In my case the remote stopped working so I was able to return that too.


----------



## Caroline123 (29 Nov 2006)

I think I'll try that. Thanks for the advice. Where about's is Eastpoint? I'd be coming from the southside - Dublin 24.


----------



## r2d2 (30 Nov 2006)

Caroline123 said:


> I think I'll try that. Thanks for the advice. Where about's is Eaxtpoint? I'd be coming from the southside - Dublin 24.


 
Caroline,

Eastpoint is between Fairview and The Point Depot.....I'm meeting a couple of guys from ntl tomorrow and could ask them to bring one along, I live in D24 as well so PM me and I'll organise with you if that's helpful.

r2d2


----------



## MonsieurBond (30 Nov 2006)

You could also consider buying a Universal Remote such as [broken link removed]. Logitech Harmony remotes are an excellent range. It takes time to set them up fully but it is worth it.
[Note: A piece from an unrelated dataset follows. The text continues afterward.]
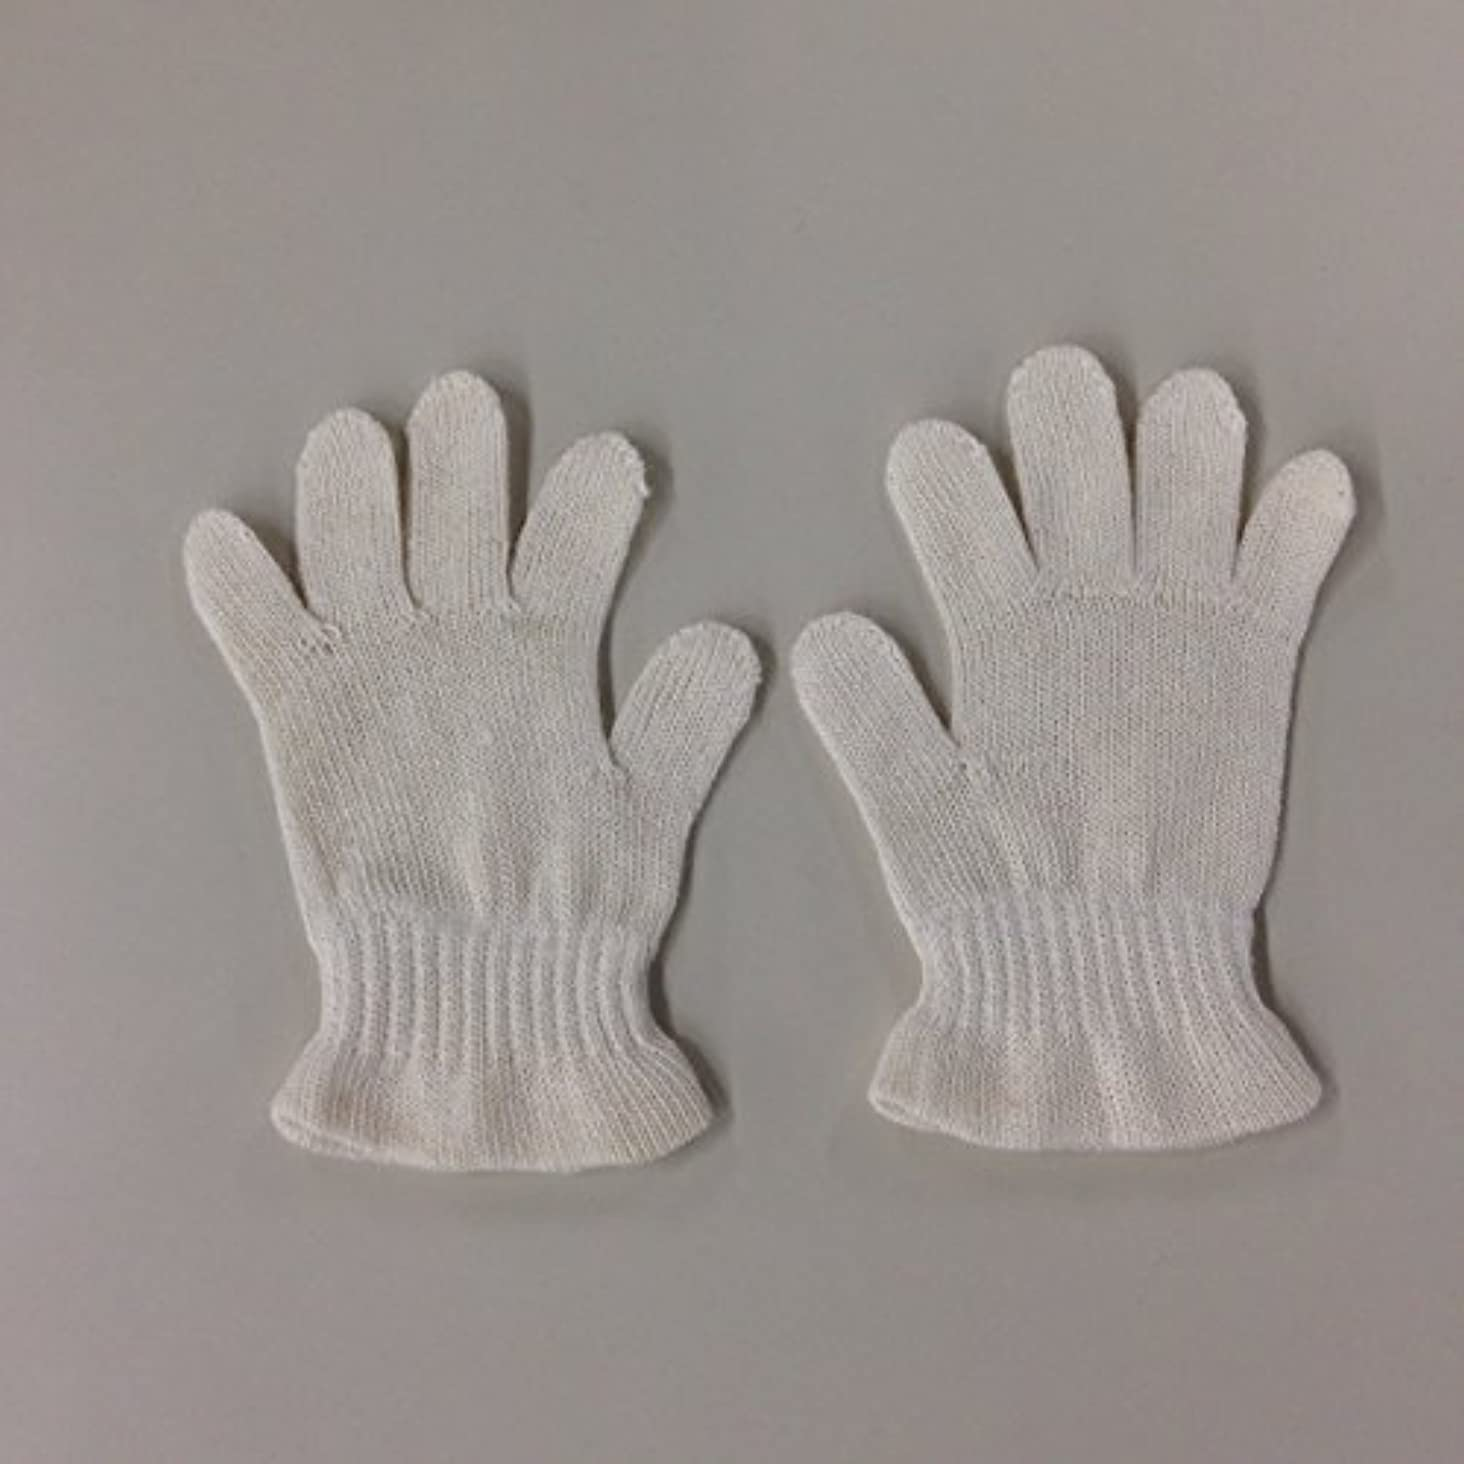 ライム羊の乱闘(ASAFUKU) 麻福 おやすみ 手袋 肌に優しい ヘンプ素材 乾燥対策 Bサイズ(幼児~園児用))

I have two of them and control my NTL among other things - you will find it responds to the Pace controls e.g. Pace DI-4010.


----------



## IrishGunner (29 Jan 2009)

*My NTL Remote*

Having trouble with my NTL remote and they charge €25 for a remote

Have [broken link removed] universal remote and trying to code in the codes and choosing Upc as the code but still cannot get it to work with the box anyone ever get a universal remote to work with the box. Works ok with tv but just not cable box?


----------